You can install a disk on Windows 2000 or run the fault recovery console on Windows 2000 Professional CD. As an alternative, you can install the fault recovery console on your computer to solve the problem when Windows 2000 cannot be restarted. In this case, you only need to select the Windows 2000 fault recovery console option from the boot menu. After the fault recovery console is started, you must select the drive to be logged on if there is a dual boot or multi-boot system) and log on with the administrator password.
The fault recovery console provides a command line to change the system when Windows 2000 is not started. Once you run the fault recovery console, type "help" at the command prompt to get help on available commands. To restart the computer, type exit to close the Command Prompt window.
Install the fault recovery console as a startup option so that it can run when the computer cannot be restarted. Install as the startup option: log on to Windows 2000 as an administrator or user with administrator privileges. Insert the Windows 2000 Professional disc into the CD-ROM drive. If you are prompted to upgrade to Windows 2000, click "no ". From a command prompt or from the "run" command box in Windows 2000, type the path pointing to the corresponding Winnt32.exe file in the Windows 2000 CD), followed by a space and/cmdcons switch option.

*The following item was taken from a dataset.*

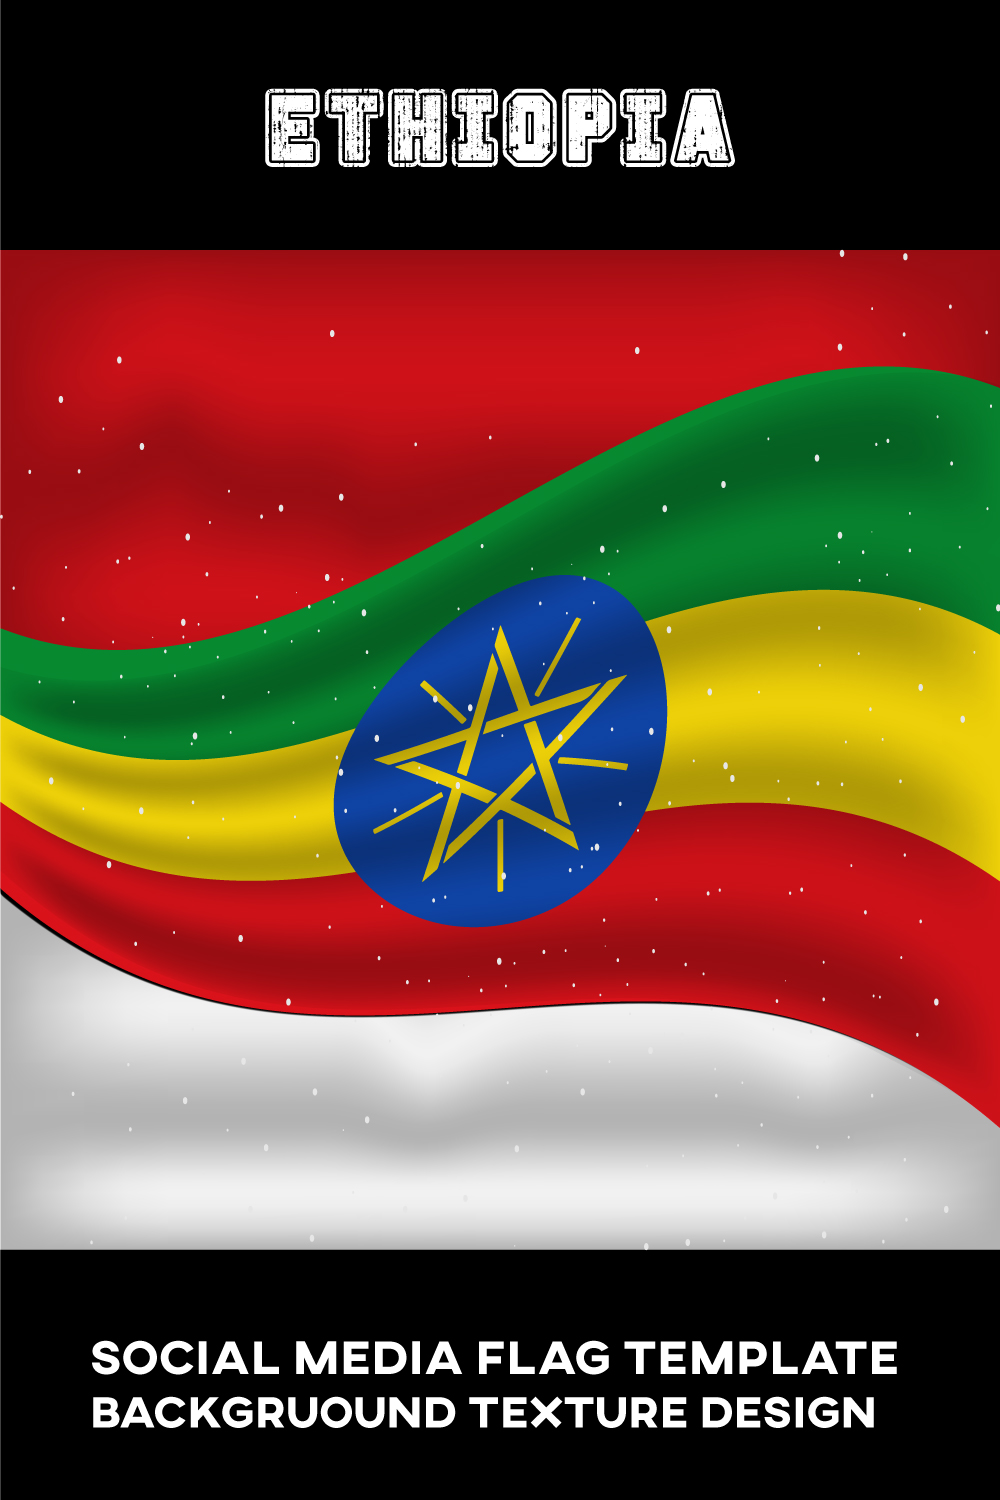 Wonderful image of the flag of Ethiopia.
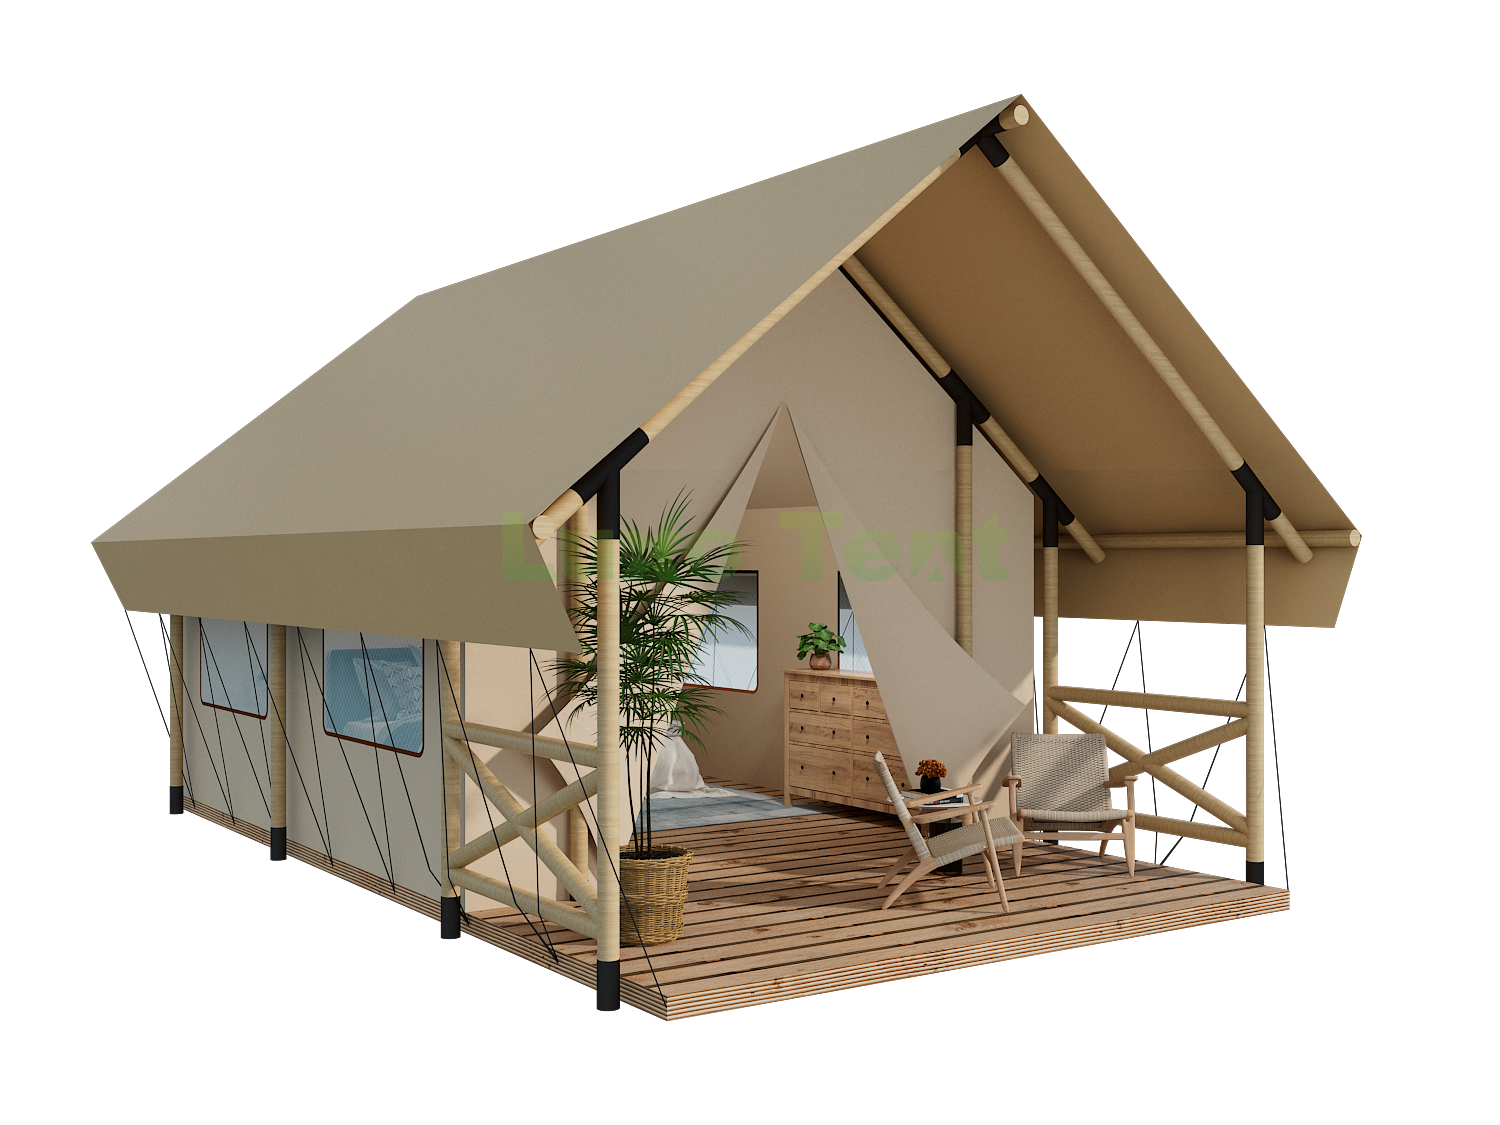 Lona de marco de madeira que vive unha cómoda casa de tenda de safari para o resort

For example:
E: \ i386 \ winnt32.exe/cmdcons
Follow the prompts.
The fault recovery console is installed in the \ Alibaba cons folder under the root folder, including the Cmldr file in the root folder. The Boot. ini file contains the Boot entry of the fault recovery console.
The security of Windows 2000 is undoubtedly very high. However, if you do not pay attention to it during daily use, the vulnerability still exists, such as the problems caused by the user. For general users, I suggest hiding the local security policies in the control panel management tools to avoid improper use. When necessary, you can start Local Security Policy settings from the command line [Command Format: c: \ winnt \ system32 \ secpol. msc/s.